Еще Надежда Викторовна любила порассуждать об огромной ошибке Сталина, который готовил армию и народ к быстрой победе во Второй мировой войне, а в результате получилось тяжелое и кровавое отступление в начале войны.

– …Это же просто чудовищно! Допустим, вас уложили на операционный стол и объяснили, что операция будет простой и легкой. Вам даже не дали наркоз. Потом прошло четыре-пять-шесть часов, а операция все не заканчивается. Вам нестерпимо больно, вы видите над собой застывшие, безразличные лица врачей и готовы кричать не только от боли, но и от обиды. Потому что вас обманули и фактически послали в бой безоружным… Ведь внутренняя готовность к боли порой важнее обезболивающего.
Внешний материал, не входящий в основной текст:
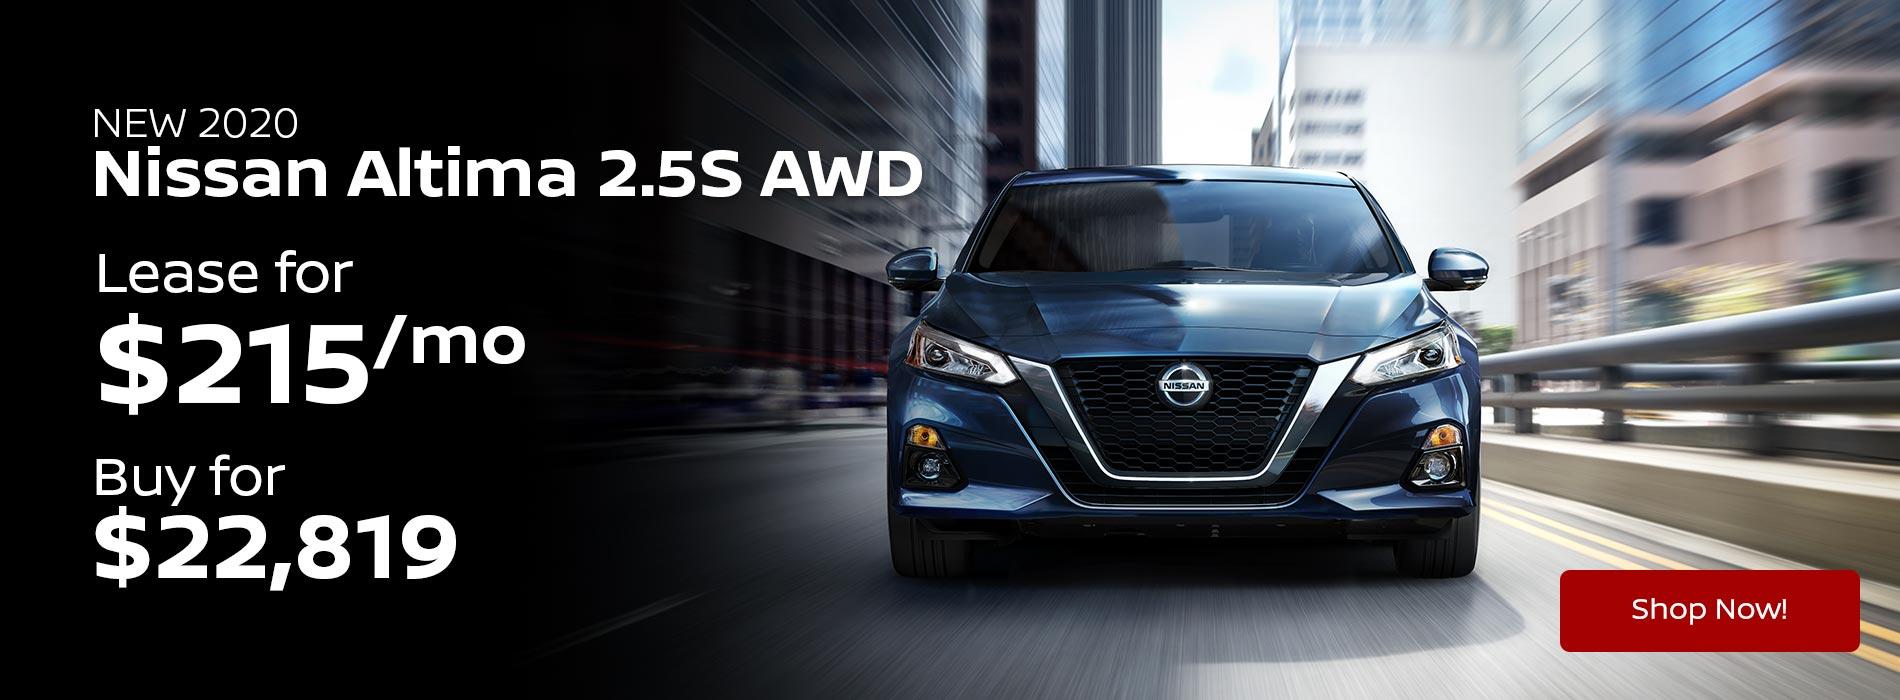 2020 Nissan Altima 2.5S AWD

Однажды один из гостей сказал Надежде Викторовне, что, мол, перед войной Сталин не совершил ошибки. Он просчитывал Гитлера как политика, а тот оказался обыкновенным сумасшедшим.

Надежда Викторовна только пожала плечами:

– Гитлер всегда был сумасшедшим. Ошибка Сталина как раз в том и состояла, что он считал его политиком.

Гости приходили к отцу не чаще пары раз в месяц, но даже такие нечастые визиты нелегко давались моей маме.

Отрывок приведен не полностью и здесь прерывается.